Reaksi alergi jenis lambat ditimbulkan oleh limfosit yang diubah

(disensibilisasi) secara spesifik. Di sini sesil yaitu antibodi yang terdapat pada

permukaan sel bereaksi dengan antigen yang sesuai. Akibatnya adalah infiltrasi

sel, yang dimulai dengan pengumpulan limfosit dan monosit, perivaskular pada

tempat yang berantigen. Hanya sedikit dari sel-sel yang menginfiltrasi

disensibilisasi secara spesifik, sebagai tambahannya banyak sel yang tidak

disensibilisasi menembus daerah ini. Karena itu sebutan reaksi hipersensitivitas

jenis lambat dipakai, karena berbeda dengan reaksi jenis segera, titik puncaknya

baru tercapai setelah beberapa hari atau bahkan setelah beberapa minggu.

Yang termasuk dalam reaksi alergi ini adalah:

• Reaksi kulit, yang khusus dikenal dari reaksi ini adalah reaksi

tuberkulin setelah penyuntikan antigen protein kuman TBC

• Alergi kontak kulit yang terutama dapat terjadi setelah kontak berulang

dengan kromat, garam nikel atau zat warna tertentu, serta

• Reaksi penolakan terhadap transplantasi (Mutschler, 2010).

c. Bentuk Khusus

Selain bentuk alergi yang disebutkan di atas, setelah pemberian obat

kadang-kadang terlihat gejala yang sangat mungkin akibat peristiwa alergi akan

tetapi belum dijelaskan dengan pasti faktor-faktor imunologi yang terlibat.

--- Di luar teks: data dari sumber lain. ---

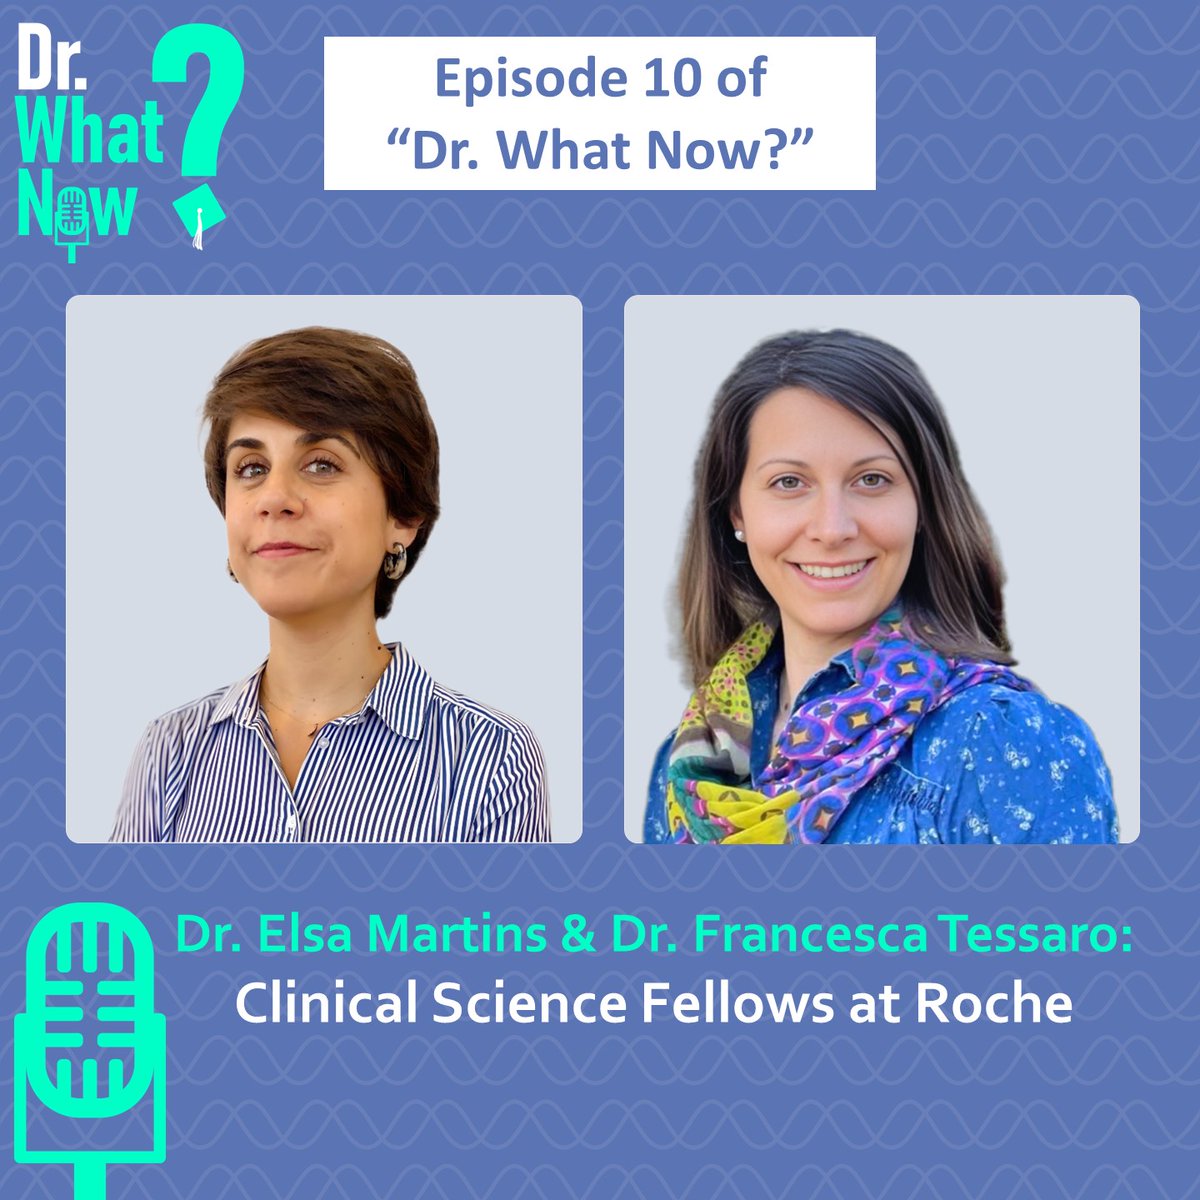 Episode 10 is out! 📣
Dr. Elsa Martins and Dr. Francesca Tessaro explain their roles as clinical scientists at Roche and their contributions to developing next generation medicines 🎧Listen the interview now: shorturl.at/bfiA8 #DrWhatNow #phdcareers #Drugdevelopent #Pharma

Mereka terutama dapat dimasukkan sebagai reaksi jenis III. Di sini termasuk :

• Eksantema akibat obat-obat tertentu yang ditimbulkan oleh misalnya

fenolftalein, barbiturat atau sulfonamida

• Sindrom Lyeil yang ditimbulkan, misalnya oleh fenilbutazon dan

barbiturat

• Sindrom Steven-Johnson yang terjadi antara lain setelah pemberian

sulfonamida

• Limfadenopati setelah pemberian feniton

• Sindrom Lupus-eritemalodes setelah pemakaian hidralazin, hidantoin,

prokainamida atau isoniazida (Mutschler, 2010).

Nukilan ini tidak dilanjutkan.